(Exercise aim): Every line from the one with "on Pinterest Now." through the last line below should be repeated exactly; pictures stay out of the copy.
*** Opening Data under study ***
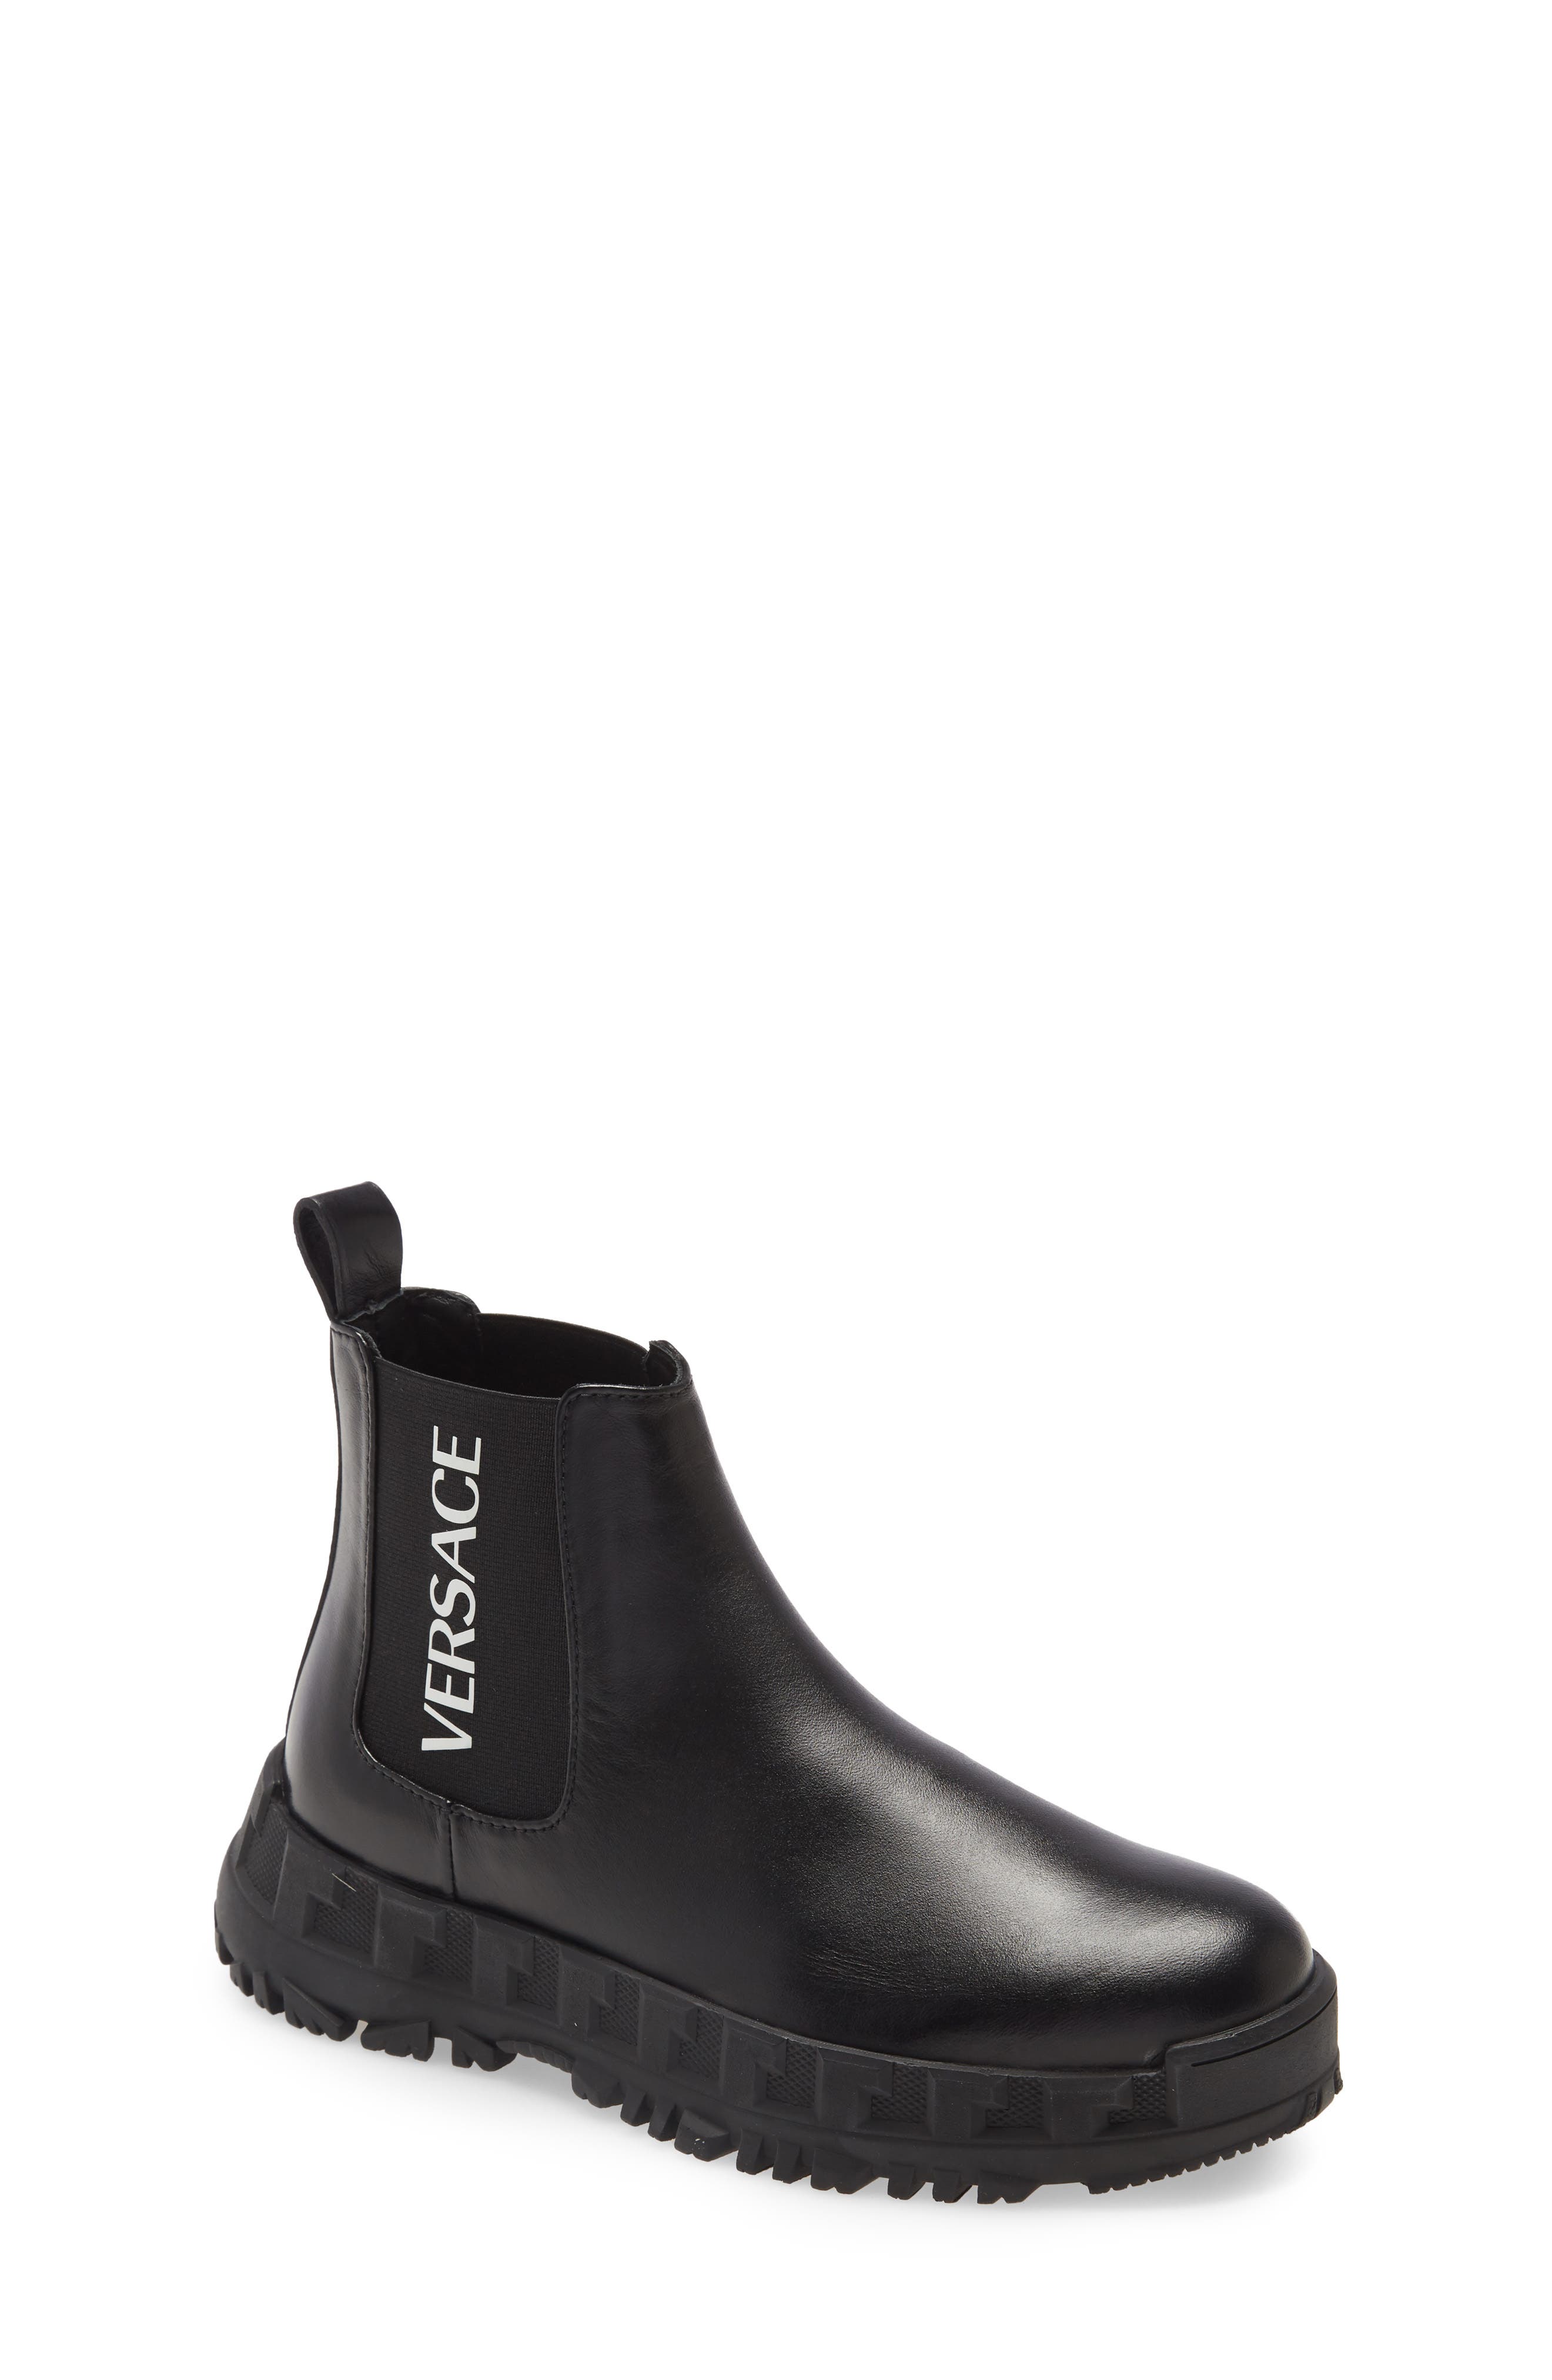 versace gift set boots
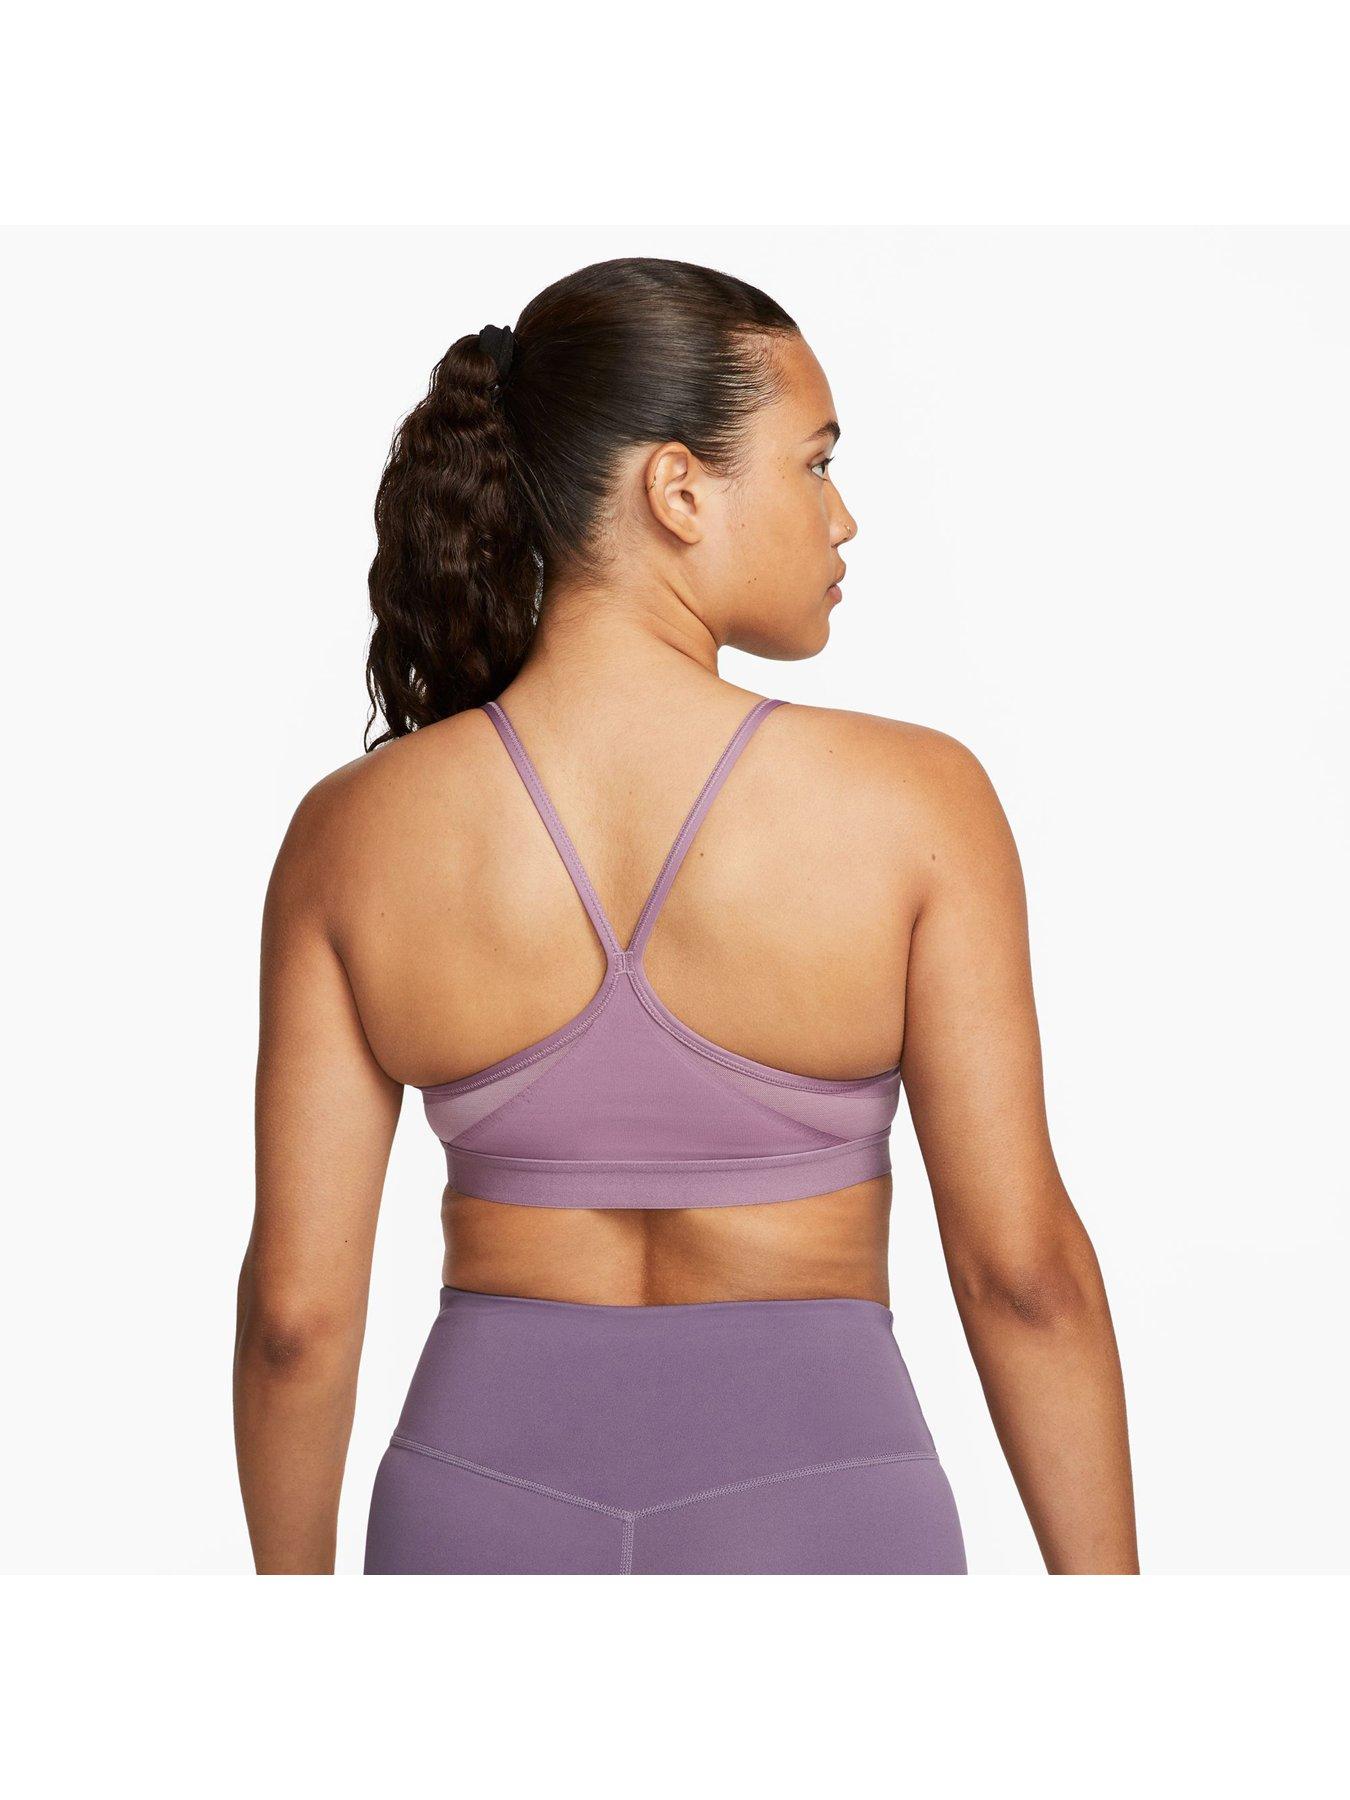 Buy Nike Women's Pro Indy Sports Bra (X-Small, Pink Glow) at
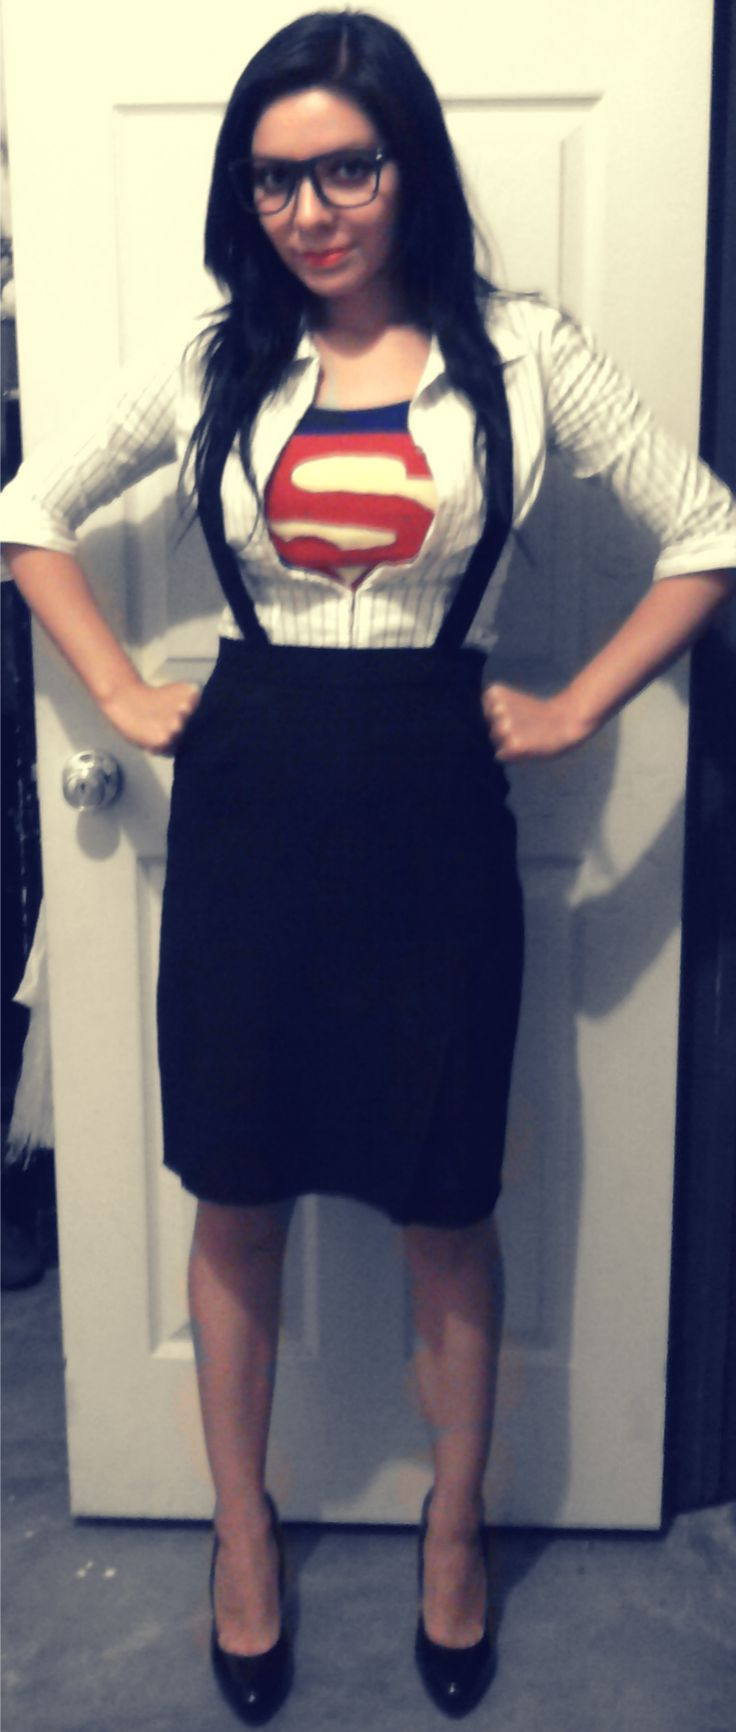 Best ideas about Female Superhero Costume DIY
. Save or Pin Best 20 Superhero costumes women ideas on Pinterest Now.
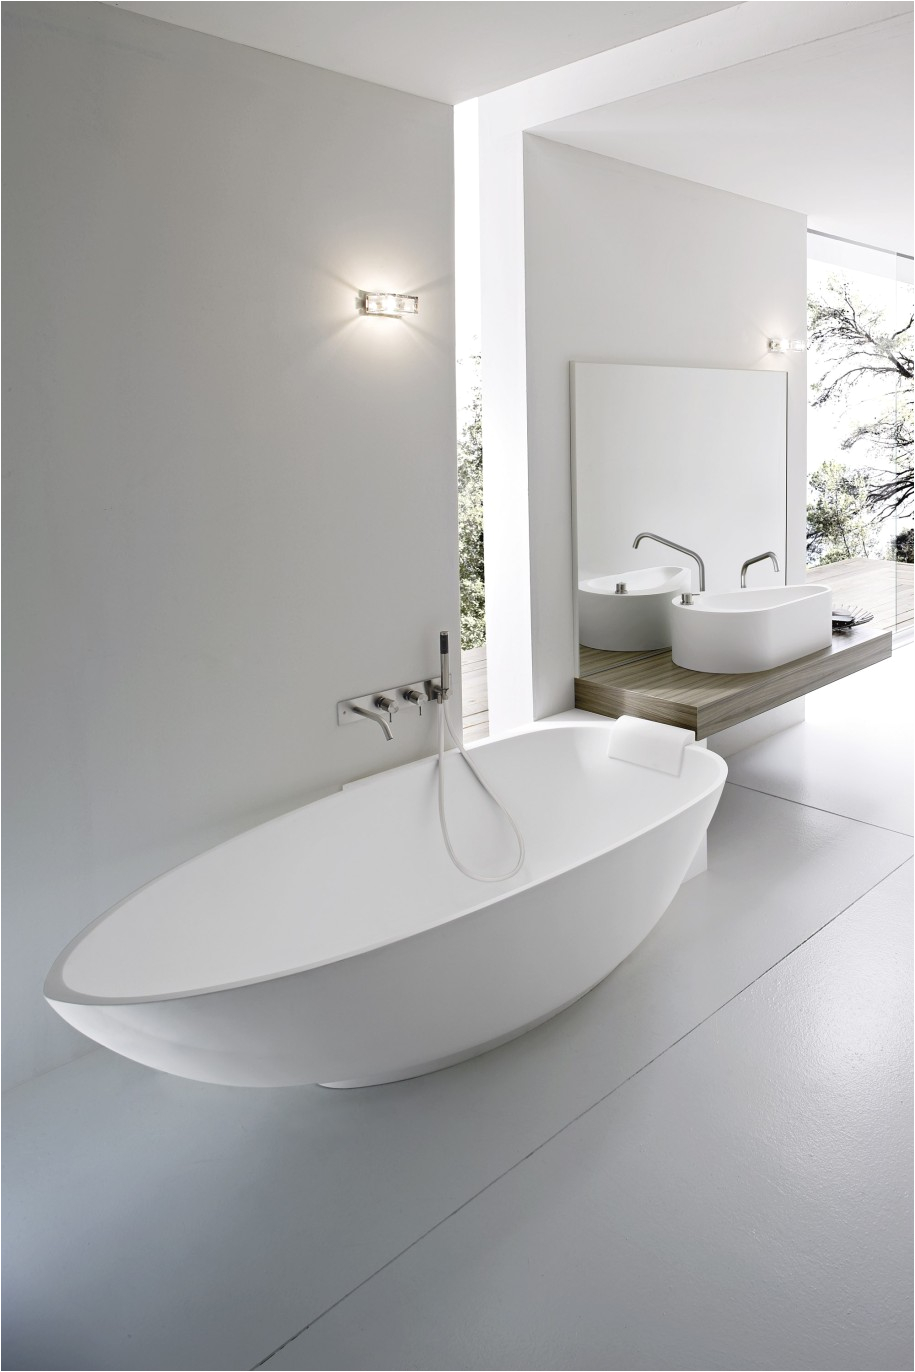 10 most beautiful and stylish bathtubs designs
*** Closing Data under study ***
(Output for this exercise):
. Save or Pin Best 20 Superhero costumes women ideas on Pinterest Now.
 10 most beautiful and stylish bathtubs designs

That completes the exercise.